French large-cap stocks have outperformed the rest of Europe in the five years of Macron’s first presidency and could thus regain some of their losses after the re-election. However, global drivers are likely to prevail over domestic ones – in particular, exposure to China and to the Russia-Ukraine war. The more domestic-oriented small caps could benefit from hope of further structural reforms and higher investment which would boost competitiveness. Macron’s second term should be positive for the relative performance of French equities and the EUR/USD. Investors could play the French cycle through financials, infrastructure and industrial sectors.
What can French equities bring to a global equity portfolio, with a particular focus on ESG?

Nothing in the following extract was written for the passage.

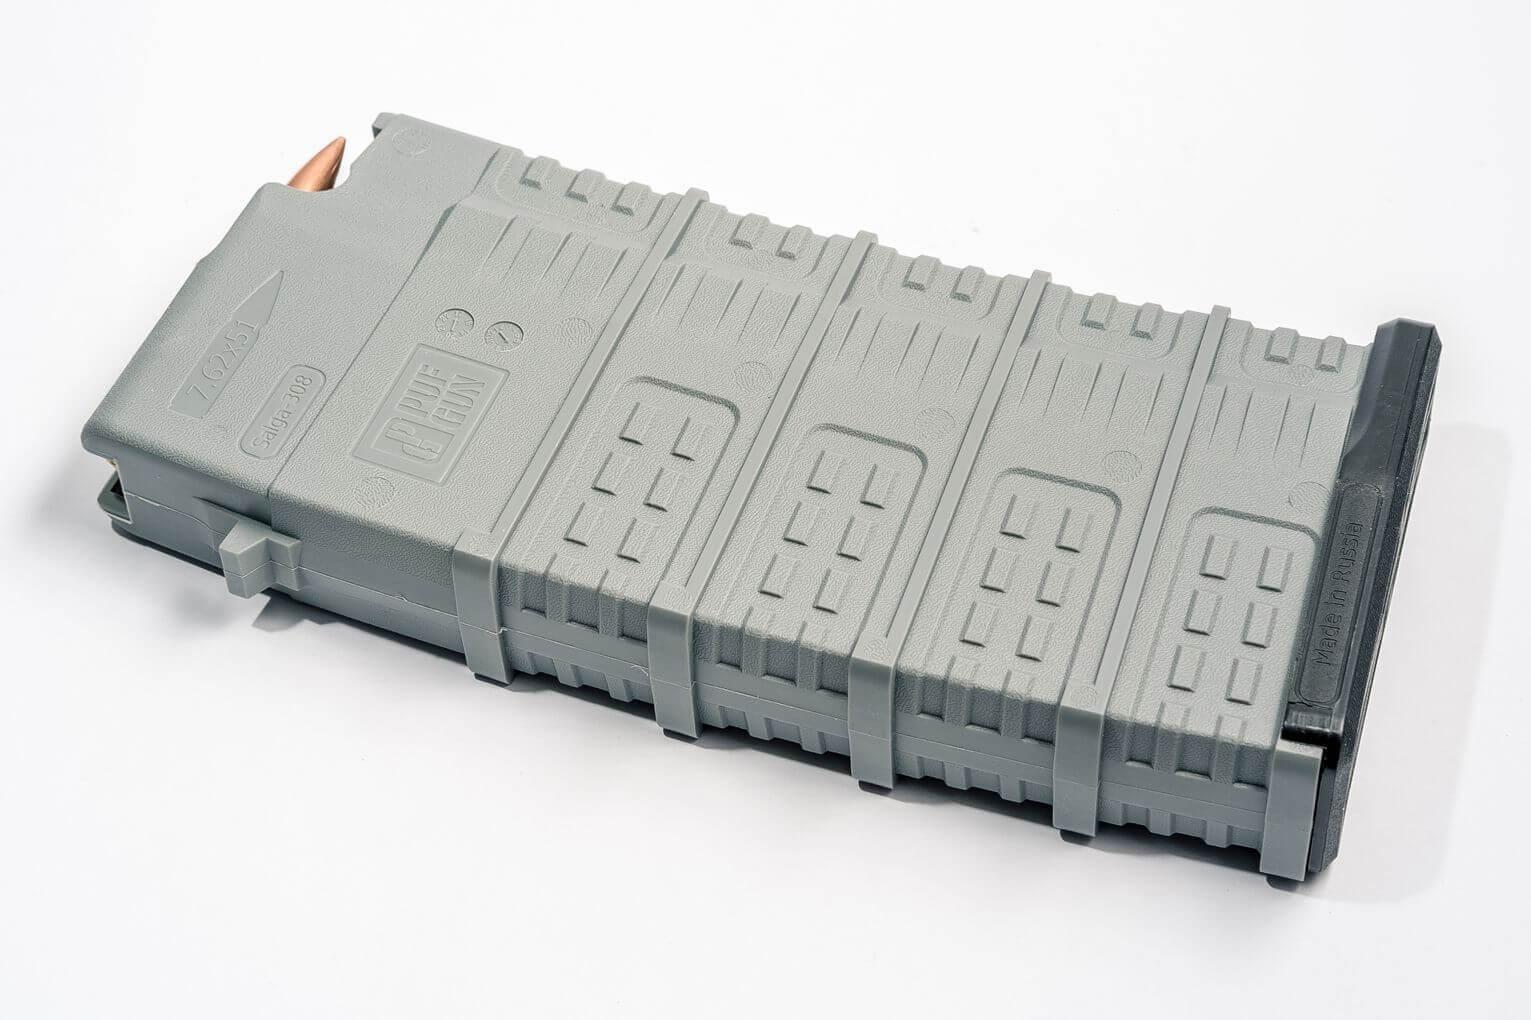 Магазин Pufgun Сайга-308 на 25 патронов, серый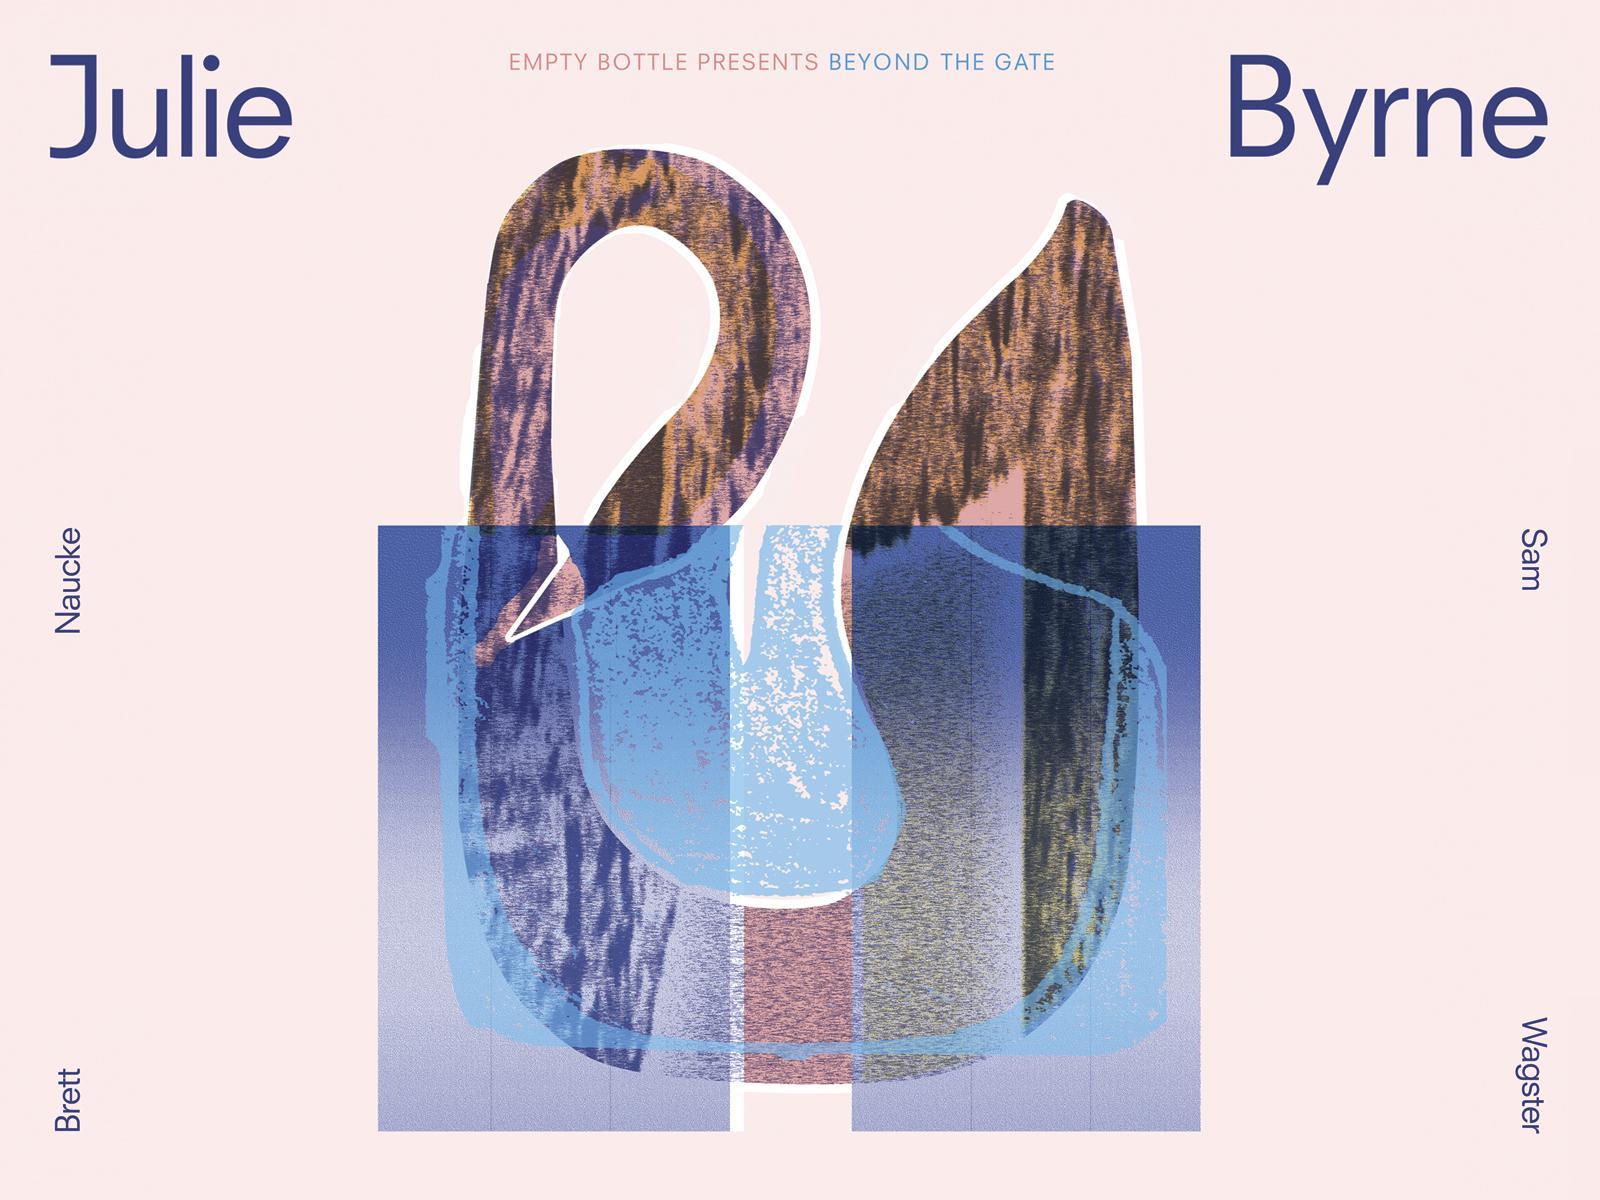 Beyond The Gate featuring Julie Byrne / Brett Naucke / Sam Wagster

France’s CAC 40 emissions data are dominated by fossil fuels, manufacturing and material production. The 2021 index temperature scores show that France was aligned with a 2.7°C temperature increase, a better result than Canada (+3.1°C), the UK (+3.1°C), Japan, as well as the United States (+3.0°C). France is on par with Italy while Germany is doing marginally better (+2.2°C). The French index shows the lowest rate of companies without climate targets, a good start for companies to outperform in this regard. Aside from this general remark, French equities offer undisputed exposure to the energy transition, with a rich panel of companies positively active in the construction sector, including building and electric material producers. Despite some negatives, the luxury sector generally performs better in ESG rankings than mainstream retail companies. The French index also offers a fair exposure to hydrogen mobility. Combining enhanced transparency and lower carbon emissions, French companies are well perceived by the traditional ESG rating agencies used by many investors. French companies enjoy enhanced transparency, as since Grenelle II (2010)1 , French ESG disclosure obligations have been more stringent than those of other EU member states. For instance, French companies are required to have their non-financial reporting audited by a third party, which is not the case currently at the EU level under the Non-Financial Reporting Directive (NFRD). Consequently, French companies are usually more transparent than their EU counterparts. This is valued by traditional ESG rating agencies, as their methodologies have significant ‘transparency bias’. With regard to reducing carbon emissions, due to the role of nuclear energy in the French energy mix, French companies with a significant share of their operations in France – and more broadly French companies overall – have lower Scope 2 emissions than their German counterparts, for instance, which rely on coal and natural gas as sources of electricity generation. Considering the weight of climate- and energy-related metrics in the methodologies of traditional ESG rating agencies, French companies are likely to be attractive from an ESG perspective.